Prep Time 50 minutes
Cook Time 45 minutes
Course Dessert
Cuisine French
Servings 1 Galette

Ingredients
  

For the Buttery Crust

  • 1.5 cups All-Purpose Flour
  • 2 tsp Sugar
  • 1/2 tsp Sea Salt
  • 10 Tbsp Cold Unsalted Butter Cubed
  • 3-4 Tbsp Ice Water

For the Berry Filling

  • 2.5 cups Mixed Berries Blueberries, Raspberries, Blackberries, Strawberries
  • 1/3 cup Sugar Use less if your berries are very sweet
  • 1 Tbsp Lemon Juice
  • 2 tsp Lemon Zest
  • 1.5 Tbsp Corn Starch
  • 1/2 tsp Vanilla Extract
  • 1 Pinch Salt

For Assembly

  • 1 Egg For egg wash
  • 1 Tbsp Milk or Cream
  • Coarse Sugar for Sprinkling Optional

Instructions
 

Make the Crust

  • In a large bowl, whisk together the flour, sugar, and salt. Add the cold butter and use a pastry cutter or your fingers to work it in until the mixture looks like coarse crumbs.
  • Drizzle in the ice water, starting with 3 tablespoons, mixing just until the dough begins to come together. Add a bit more water if needed.
  • Form the dough into a disk, wrap in parchment or plastic wrap, and chill in the fridge for at least 30 minutes.

Prepare the Filling

  • While the crust chills, mix your berries, sugar, lemon juice + zest, cornstarch, vanilla, and salt in a bowl. Gently stir to coat. Let it sit while the dough finishes chilling—this helps the juices start to release and meld.

Assemble the Galette

  • Preheat your oven to 400°F (200°C).On a lightly floured surface (or parchment), roll out the chilled dough into a rough 12-inch circle. It doesn’t need to be perfect—that’s the charm!
  • Transfer the dough to a parchment-lined baking sheet.
  • Spoon the berry mixture into the center, leaving about 2 inches of border. Fold the edges of the dough up over the fruit, pleating as you go.
  • Whisk the egg with the milk or cream and brush it over the crust. Sprinkle with coarse sugar if you’d like a little sparkle and crunch

Bake

  • Bake for 40–45 minutes, until the crust is golden and the fruit is bubbling.

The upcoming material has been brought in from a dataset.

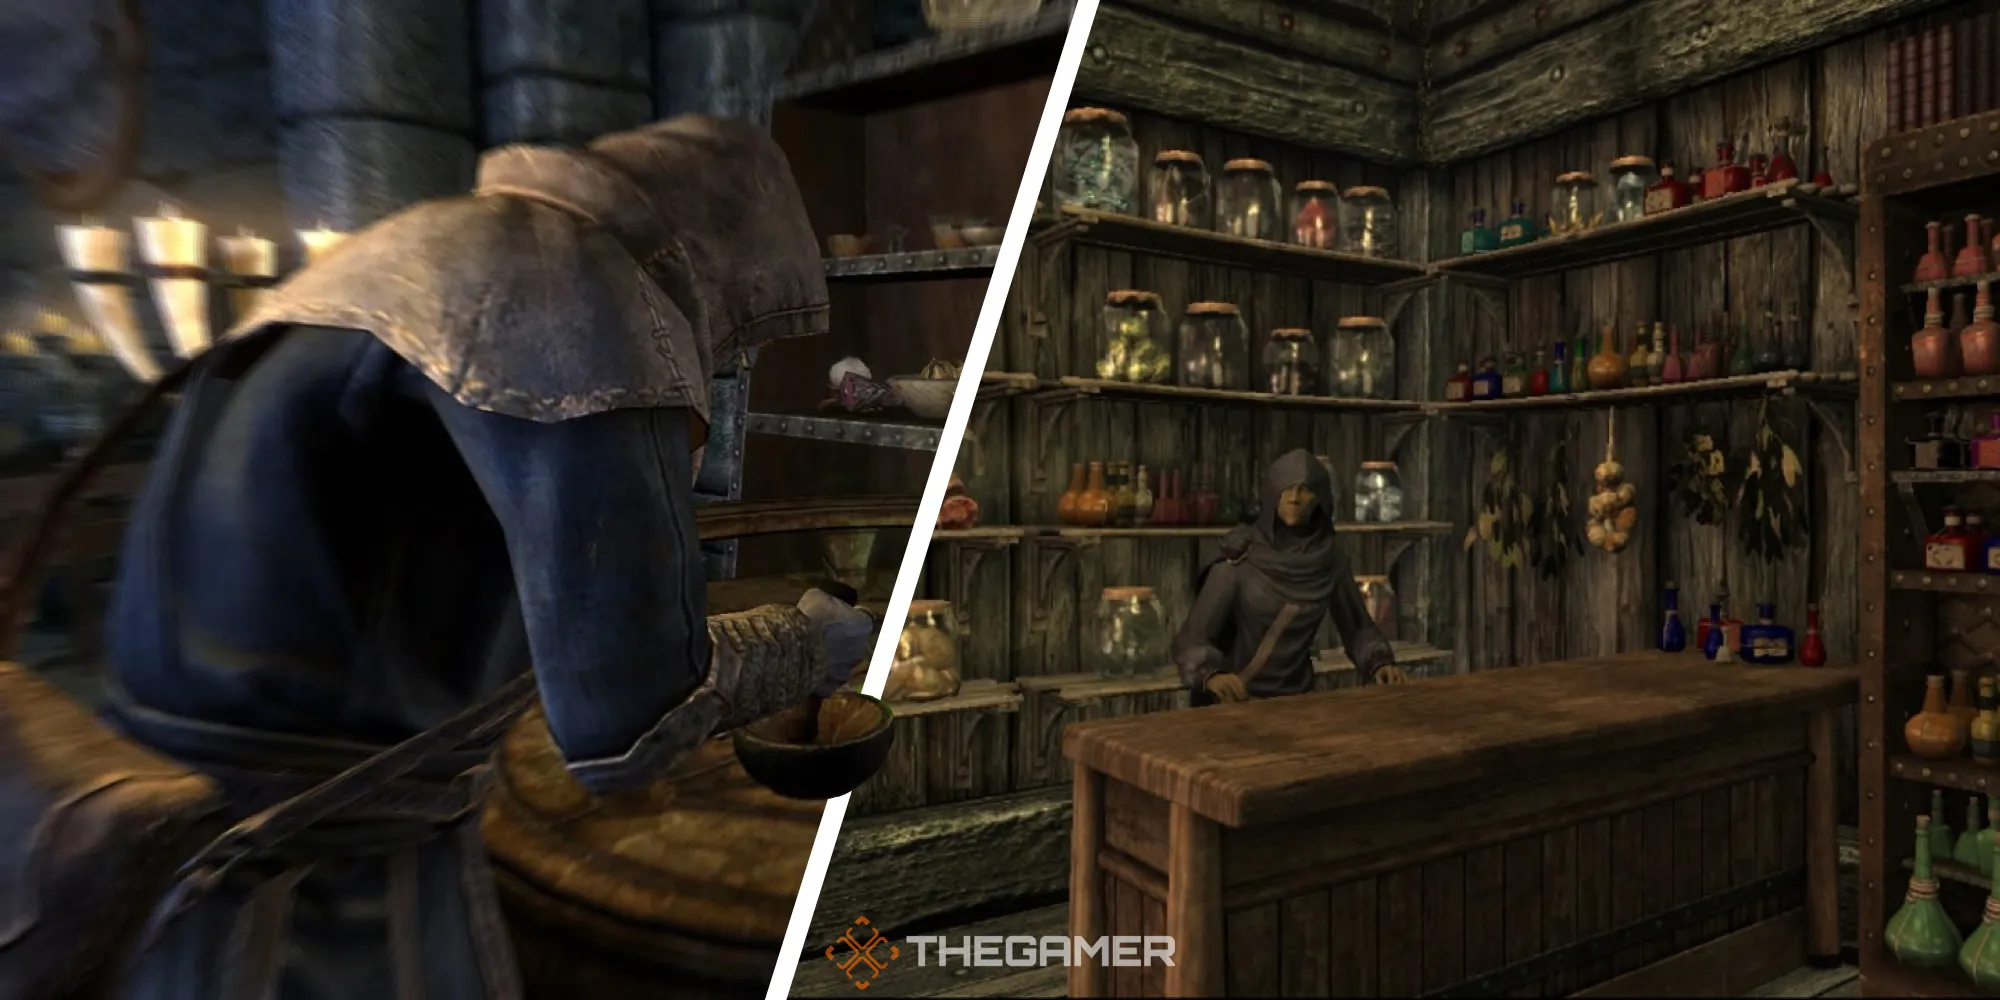 Skyrim: Une image divisée du joueur fabriquant un objet alchimique à gauche et d'un marchand alchimiste à droite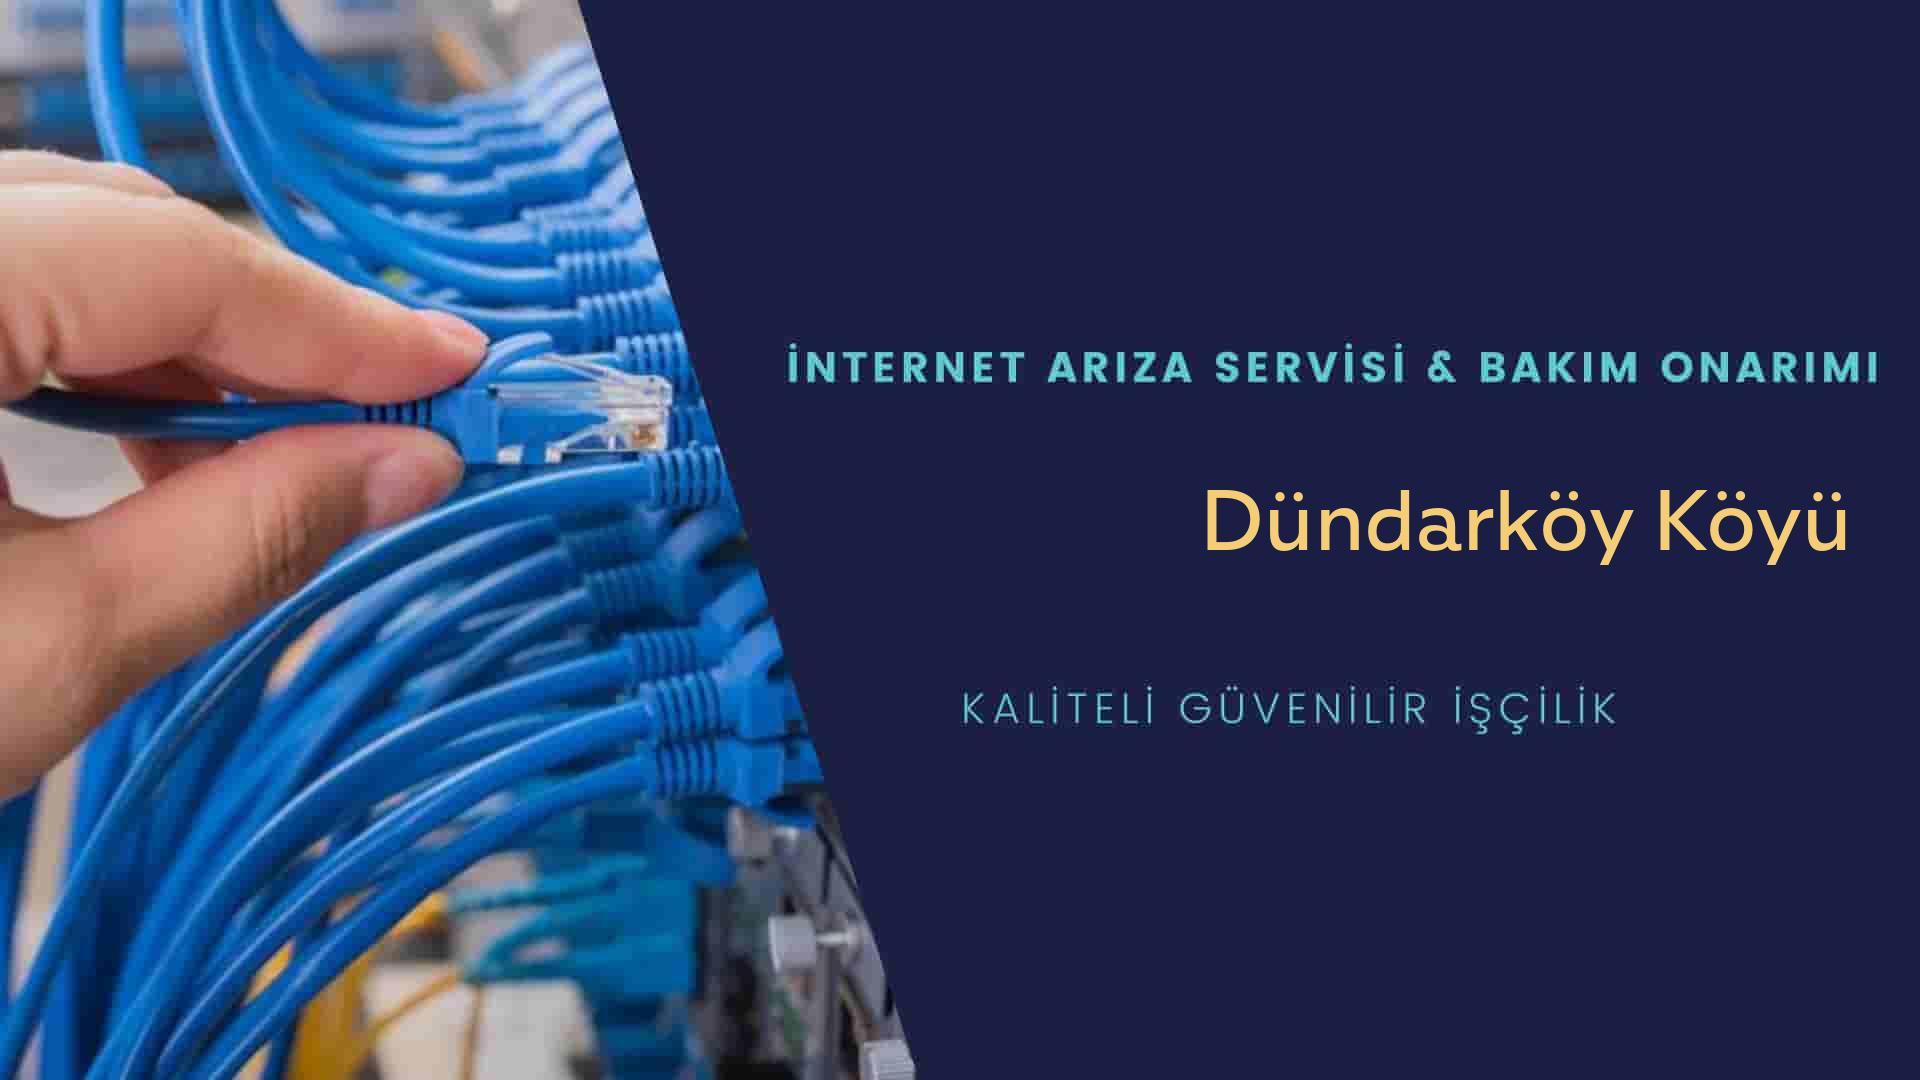 Dündarköy Köyü internet kablosu çekimi yapan yerler veya elektrikçiler mi? arıyorsunuz doğru yerdesiniz o zaman sizlere 7/24 yardımcı olacak profesyonel ustalarımız bir telefon kadar yakındır size.

Let cool for at least 15 minutes before slicing.
  • Serve warm, room temp, or cold—whatever the moment calls for.

Notes

Useful Swaps + Add-Ons

Use what you have:
  • No fresh berries? Use frozen! Just don’t thaw them before mixing.
  • No cornstarch? Arrowroot powder or tapioca starch work just as well.
  • Gluten-free? Use a 1:1 gluten-free flour blend for the crust.
  • Vegan? Sub the butter for a plant-based butter, and skip the egg wash or use non-dairy milk instead.
Make it your own:
  • Add fresh basil or thyme to the berry mix for a herbaceous twist.
  • Swap berries for stone fruit (peaches, plums, nectarines) in late summer.
  • Add a layer of cream cheese or mascarpone under the berries for richness.
  • Sprinkle chopped nuts or rolled oats on the crust for texture.

How to Store Leftovers

If you’re lucky enough to have leftovers, here’s how to keep your galette cozy:
  • Room temp: Store covered on the counter for up to 1 day.
  • Fridge: Keep in an airtight container for 3–4 days.
  • Reheat: Warm slices in a 300°F oven for 10 minutes to crisp the crust again.
  • Freeze: You can freeze the baked galette (or just the dough) for up to 2 months. Thaw overnight in the fridge and reheat in the oven.